Please use this identifier to cite or link to this item: https://doi.org/10.1002/bit.24822
Title: A thin-walled polydimethylsiloxane bioreactor for high-density hepatocyte sandwich culture
Authors: Tan, G.-D.S.
Toh, G.W.
Birgersson, E. 
Robens, J. 
van Noort, D.
Leo, H.L. 
Keywords: Diffusion
Direct oxygenation
Mass transport
Oxygen concentration
Shear stress
Issue Date: Jun-2013
Source: Tan, G.-D.S., Toh, G.W., Birgersson, E., Robens, J., van Noort, D., Leo, H.L. (2013-06). A thin-walled polydimethylsiloxane bioreactor for high-density hepatocyte sandwich culture.

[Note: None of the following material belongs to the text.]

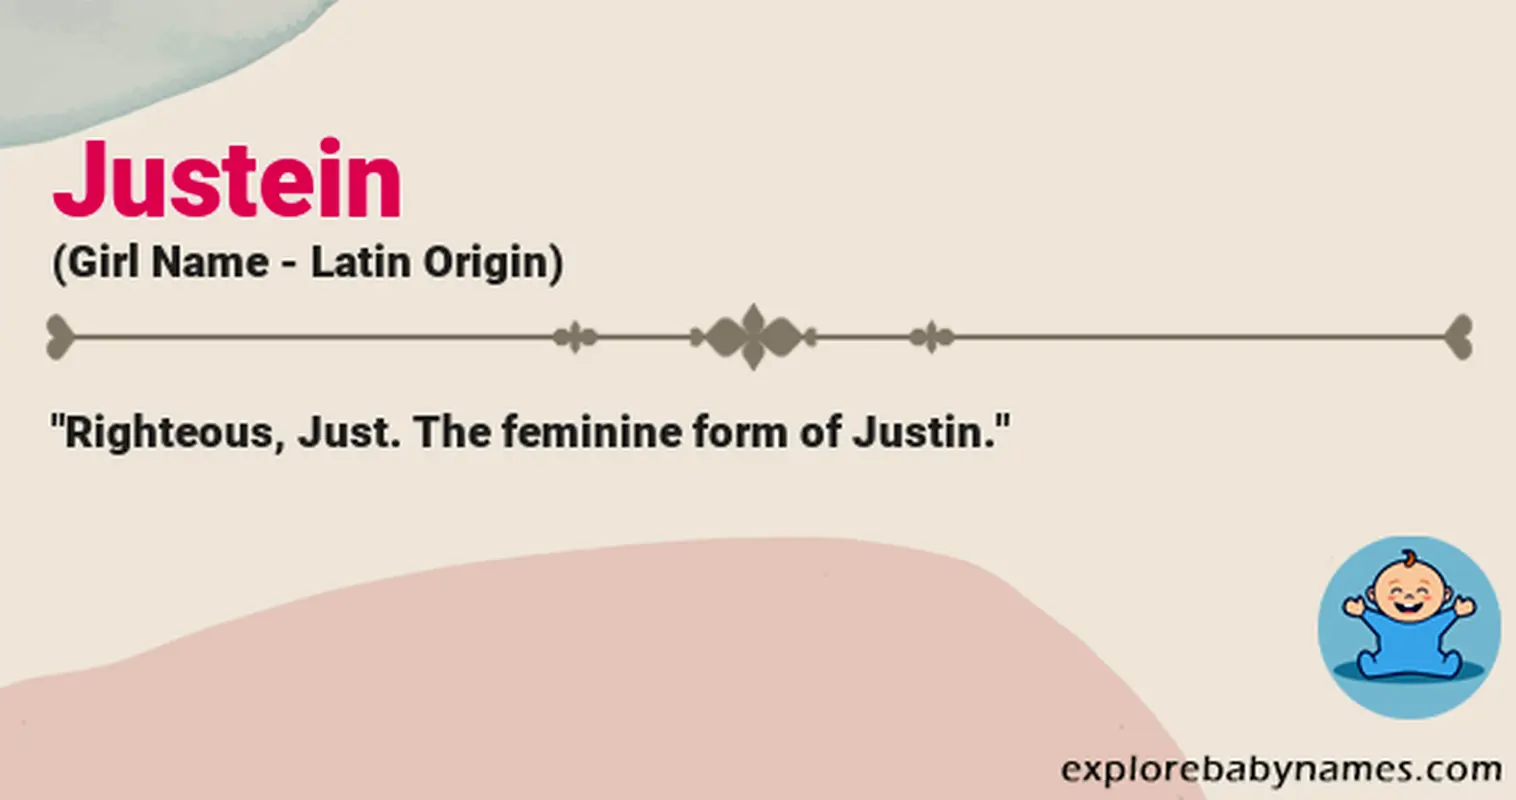 Meaning of Justein
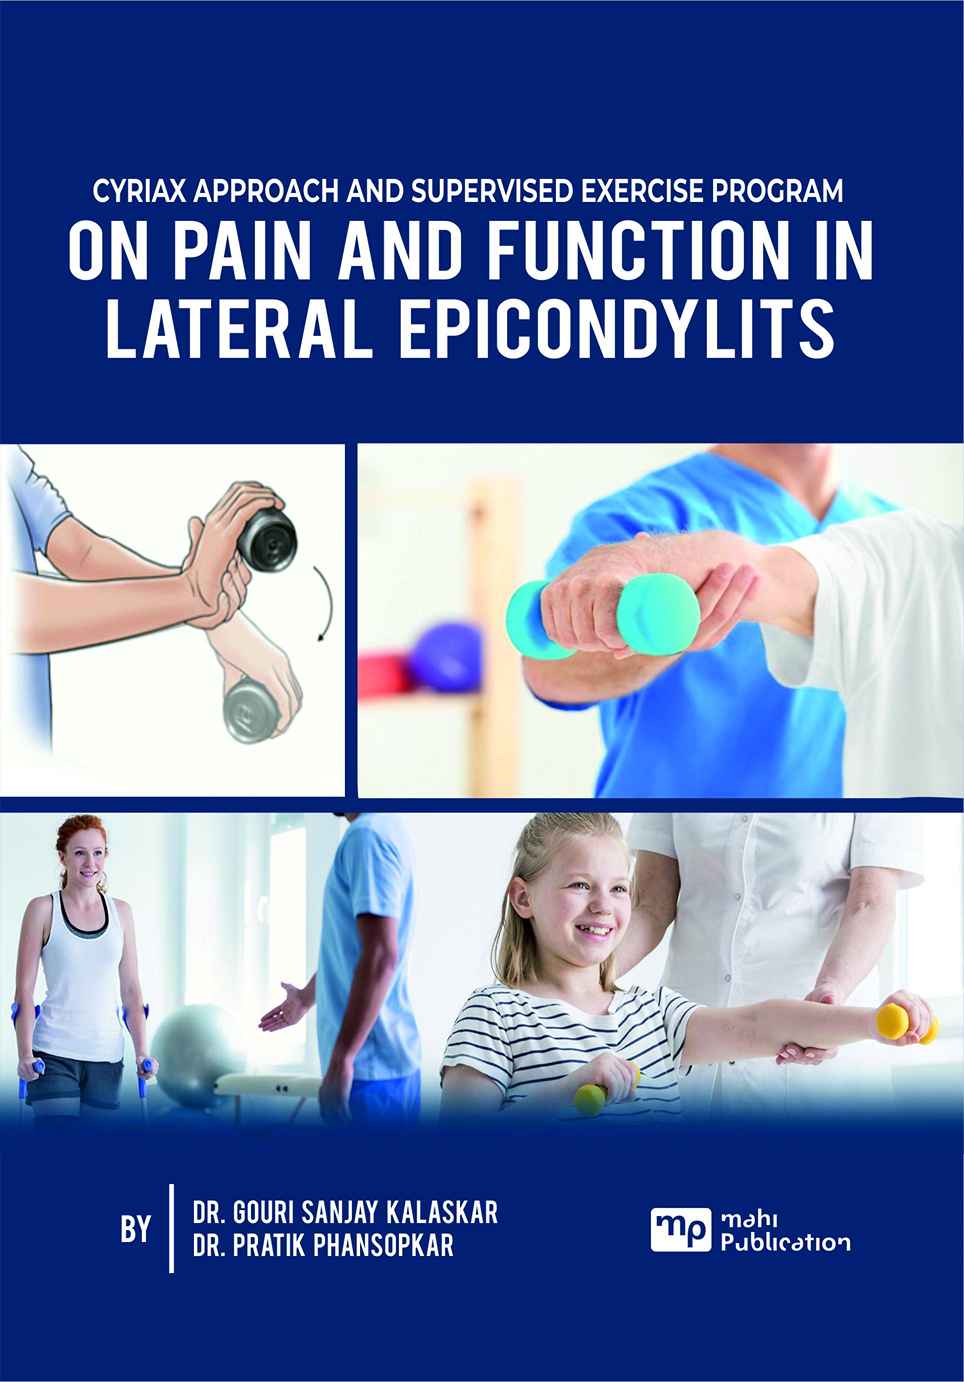 Cyriax Approach and Supervised Exercise Program on Pain and Function in Lateral Epicondylits

Biotechnology and Bioengineering 110 (6) : 1663-1673. ScholarBank@NUS Repository. https://doi.org/10.1002/bit.24822
Abstract: In vitro drug testing requires long-term maintenance of hepatocyte liver specific functions. Hepatocytes cultured at a higher seeding density in a sandwich configuration exhibit an increased level of liver specific functions when compared to low density cultures due to the better cell to cell contacts that promote long term maintenance of polarity and liver specific functions. However, culturing hepatocytes at high seeding densities in a standard 24-well plate poses problems in terms of the mass transport of nutrients and oxygen to the cells. In view of this drawback, we have developed a polydimethylsiloxane (PDMS) bioreactor that was able to maintain the long-term liver specific functions of a hepatocyte sandwich culture at a high seeding density. The bioreactor was fabricated with PDMS, an oxygen permeable material, which allowed direct oxygenation and perfusion to take place simultaneously. The mass transport of oxygen and the level of shear stress acting on the cells were analyzed by computational fluid dynamics (CFD). The combination of both direct oxygenation and perfusion has a synergistic effect on the liver specific function of a high density hepatocyte sandwich culture over a period of 9 days. © 2012 Wiley Periodicals, Inc.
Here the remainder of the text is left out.